At right, one of the flags on display at Biscayne National Park highlights an endangered animal (Photos by Debora Rubi). Below, a selection of the different flags displayed throughout the  Fascell Visitor Center spaces is shown, such as those along the walkways and the boardwalk.

“The really important part is that it’s not only an art thing,” said Gary Bremen, a park ranger at Biscayne National Park who also serves as coordinator of the gallery at the Dante Fascell Visitor Center. “But they committed to do something in their lives to directly or indirectly impact the survival of that animal.”

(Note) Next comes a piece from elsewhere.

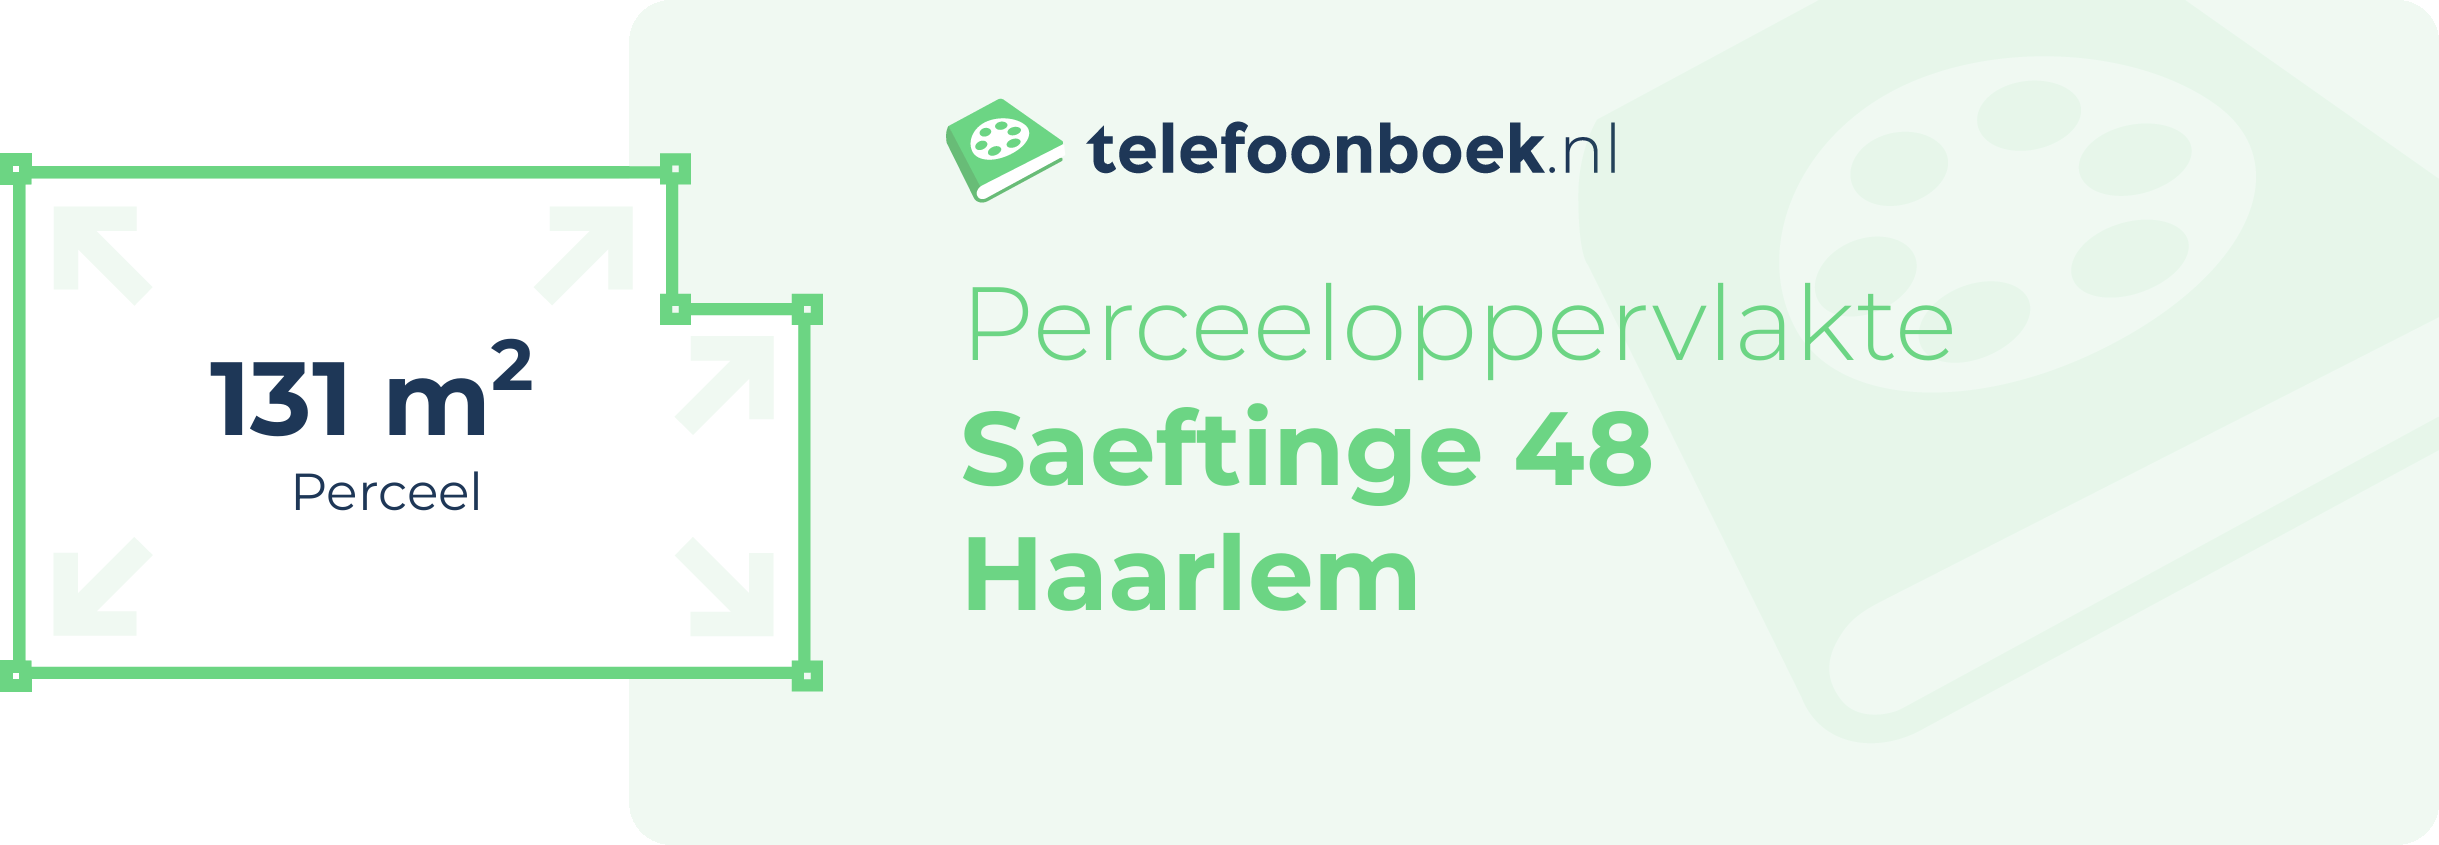 Perceeloppervlakte Saeftinge 48 Haarlem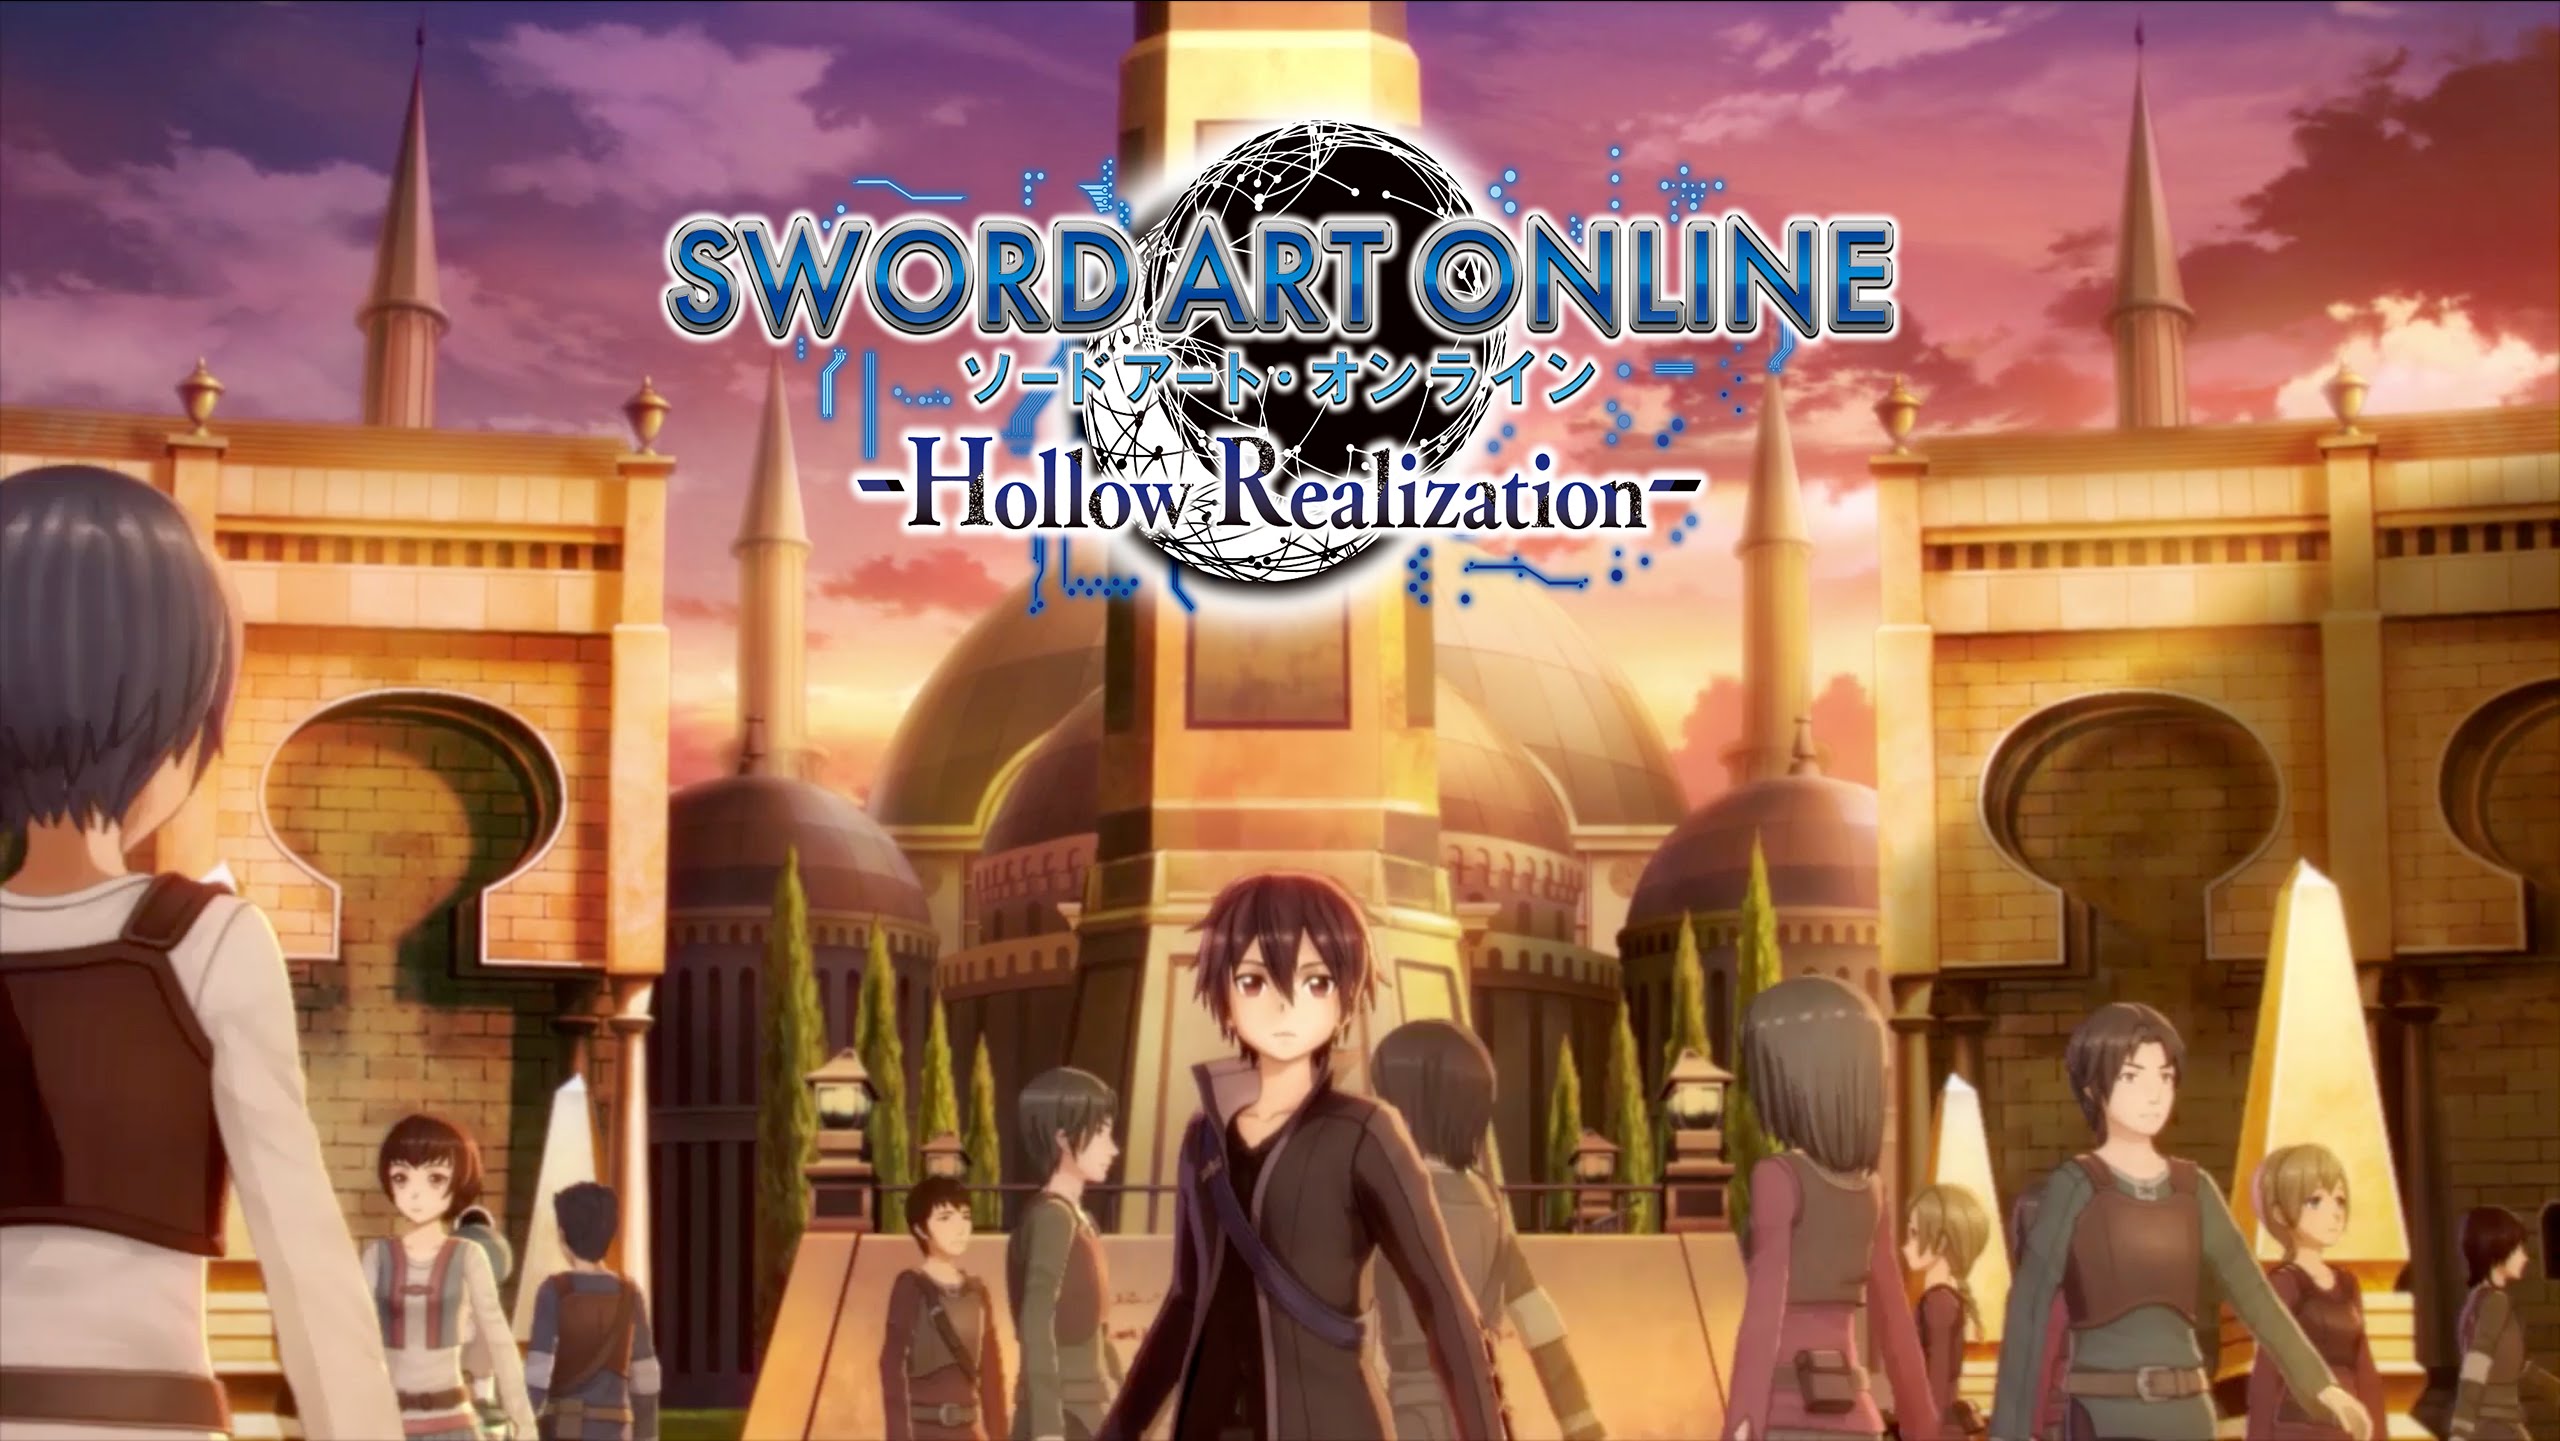 6. Sword Art Online: Hollow Realization - wide 2

The people representing the 360 flags are all natives of South Florida and their names can be seen at the entrance of the indoor exhibit and on the web site

The people sponsoring animals include Eugene Flinn, mayor of Palmetto Bay, after school programs like Branches After School Program, and students at FIU’s honors program.

“For the project, each student in my honors class had to paint a flag and write an essay about the animal we chose,” said FIU Sophomore Andie Doo. “I did the (Great) White Shark. My eco action consisted of spreading the word on the dangerously high rates of depletion that shark populations are facing.”

The outside endangered world exhibit goes hand in hand with the exhibit inside the Visitor Center. The exhibit, 80.15, is named after the specific degree longitude at which the Visitor Center is located. At the entrance there is a message expressing the artist’s connection with his hometown of Miami.

“This is my longitude… My land, my air, my water. It is my home…” writes Cortada.

The exhibit is made up of carbon prints of the 17 endangered animals at Biscayne National Park. BNP is 10th in the nation in number of endangered or threatened species living in the park ranging from Key Largo Woolrats to American Alligators.

“While the National Park are important as the last refuge for our animals,” said Cortada,” it is important not to romanticize that.”

The images are placed behind glass frames in order to protect the fragile carbon paper. The images, since they are carbon imprints are very dark and reversed.

“It’s not all attractive and aesthetic,” said Cortada. “I wanted to portray the animals as ephemeral and fleeting with the fragile carbon paper as a metaphor of how we press our own carbon footprint.”

The images are not visible from far away, looking instead like simple black frames until one looks closer, much similar to the impact we have on the planet which we do not notice until we look deeper into our actions.

The way carbon paper works to create duplicates is by sticking carbon on to a page in response to the original imprint made on top of it. In essence the image is the missing carbon, not the carbon itself, which is why the images are backwards. The glass creates a reflection of the visitor since the print inside is so dark.

“You see a lot of your own reflection looking back and that’s your ‘impact’ on that animal,” said Bremen.

The endangered world exhibit was created in response to Cortada’s frustrated efforts to create an exhibit of the North Pole composed of 360 flags representing the same animals as the Key Biscayne National park.

“I wanted to create the exhibit exactly where most of the damage is taking place in the melting ice caps and tie it to how it comes down to the rest of the world through the animals in the flags,” said Cortada.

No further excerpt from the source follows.